The next time I tread the landscape of Bilbo’s dreams, he’s not sitting, he’s standing. Today is the day, then.

BILBO

The moment I realized why the pictures are blurry and the words illegible is an instrumental one. You cannot see through tears. I turn and walk the other way. On the way, I pass a blurry column that doesn’t really fit, but I don’t bother to try and make it clearer. I just keep walking towards the door. It isn’t very hard to step through.

The room I wake up in is natural and lovely, the bed very soft and the tall glass window panes are cut in a distinctly elven style; all swirling lines and crystal elegance. They spill a lovely evening light across the room, lighting up everything in warm pinks and browns.

I make to sit up, but it hurts. A lancing pain shoots through my leg, and I make a noise in my throat. I had not been expecting that. Then he is there, leaning over me, tugging the blankets back to show me why I can’t move carelessly.

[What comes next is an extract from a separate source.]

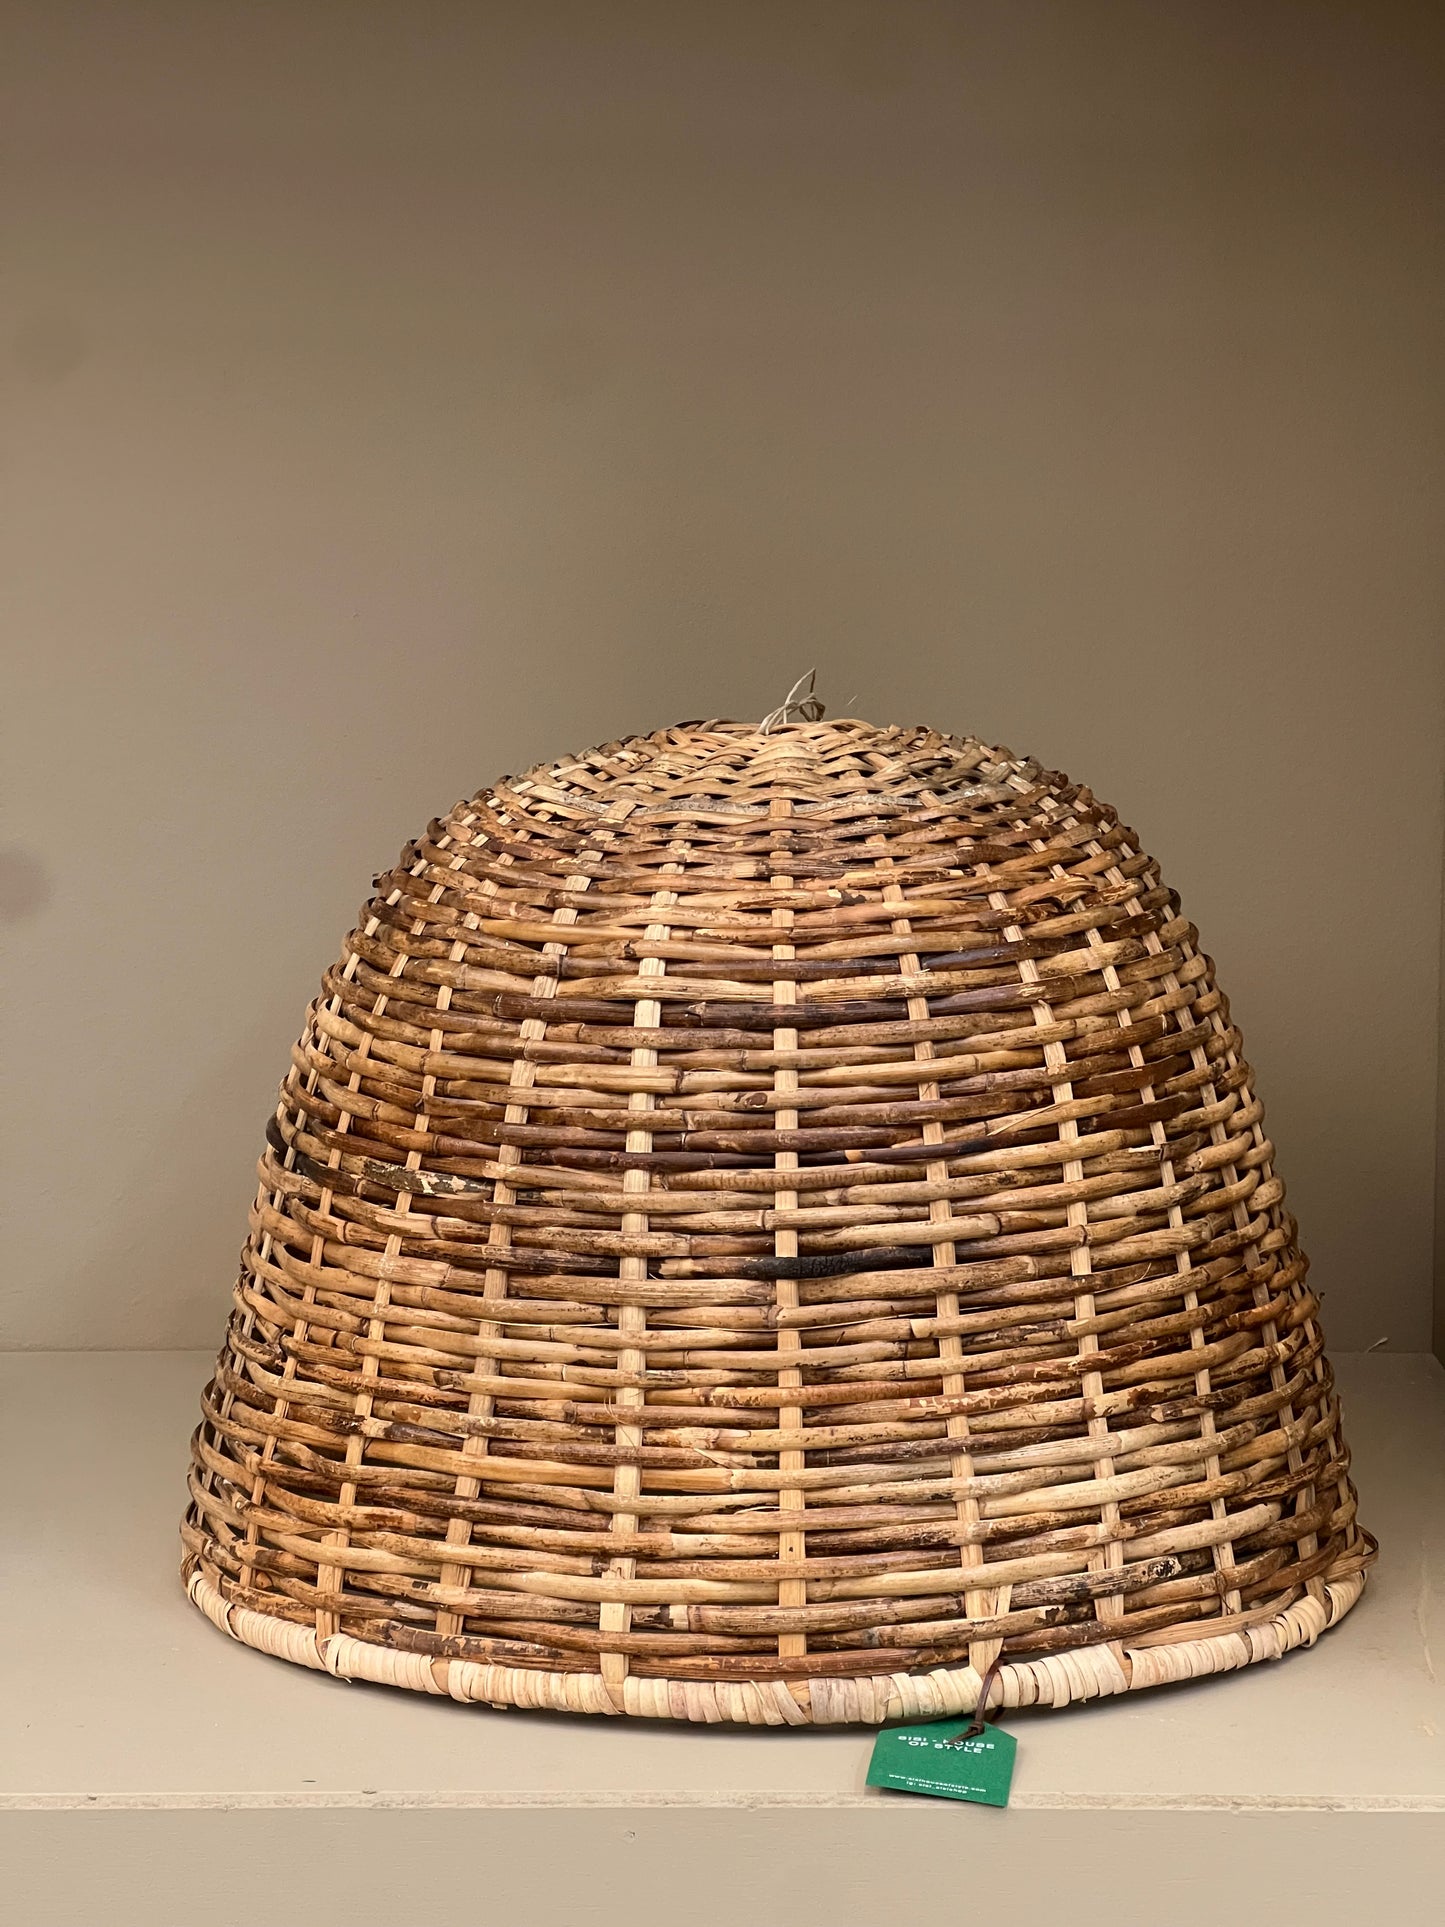 Sisi, Mushroom hat pendant light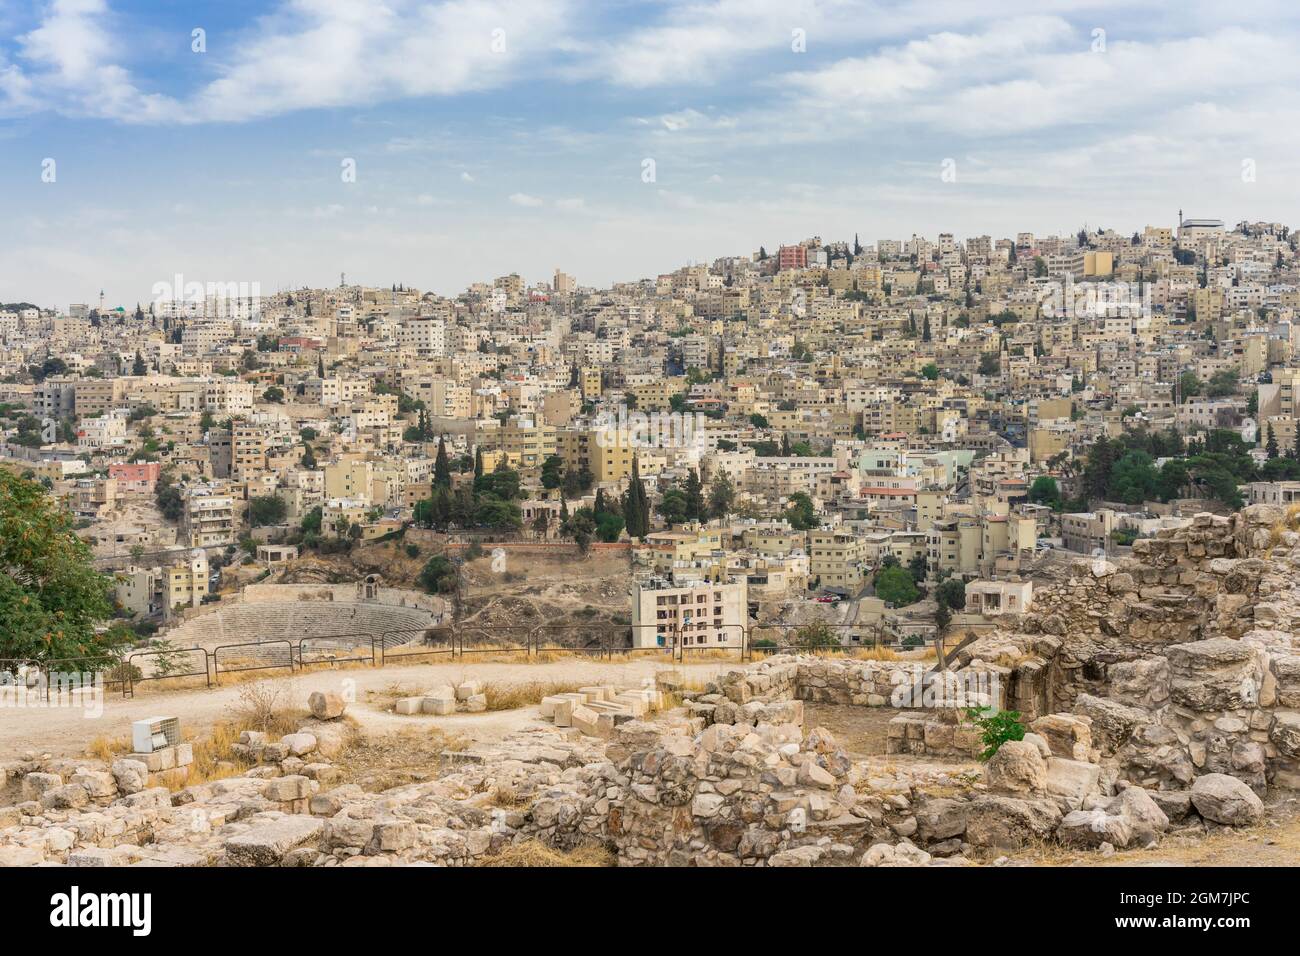 AMMAN, JORDANIE - 15 OCTOBRE 2018: Paysage urbain Amman centre-ville au crépuscule, vue panoramique depuis la colline de la citadelle. Capitale de la Jordanie. Banque D'Images

He’s just as ethereal as he was last time. He’s also just as cold. All the fire from before is gone, though. It is only when I’m propped into a sitting position and everything stops looking so hazy do I meet his eyes for the second time.

“Bilbo.” He says, like we’re friends.

“Thranduil.” I say, like we’re not.

I really can’t tell anymore. My eyes wander to the window and suddenly, something nearly chokes me. I surge up and try to see over the tops of the trees to behond and shitmotherfucker, there’s something out there, and it reeks of death. I give a soft laugh.

Let the games begin anew, then.

_A few days later..._

I watch the trees around me, aware that Thranduil’s power surrounds me. I still have a limp in my step, but I can move now. I won’t stay longer in Thranduil’s care than I have to. So I have a cane that aids me as I walk to the forest boundaries and out into the air.

Looking up, the sky is so very blue and clear and cold that it hurts to breath it and it makes me happy enough to stop and stare for a while. As I did months ago, I begin the walk to Erebor.

THORIN

There’s so much to do, just now. Another mining tunnel collapsed. There’s been one injury and one death. I’m supposed to read the report. In a few hours or so, I’ll have to inspect the tunnels themselves to see if it was anyone’s fault.

Right now, though, Open Court has an hour and a half left. Two farmers are arguing amongst themselves, completely forgetting the fact that they came to Open Court so they didn’t have to. As far as I can tell, they’ve each got land and it overlaps. The map in front of me tells me that this particular section the lands “overlap” on is the part that’s taken for the granaries. Oh, gee, because I didn’t see that coming.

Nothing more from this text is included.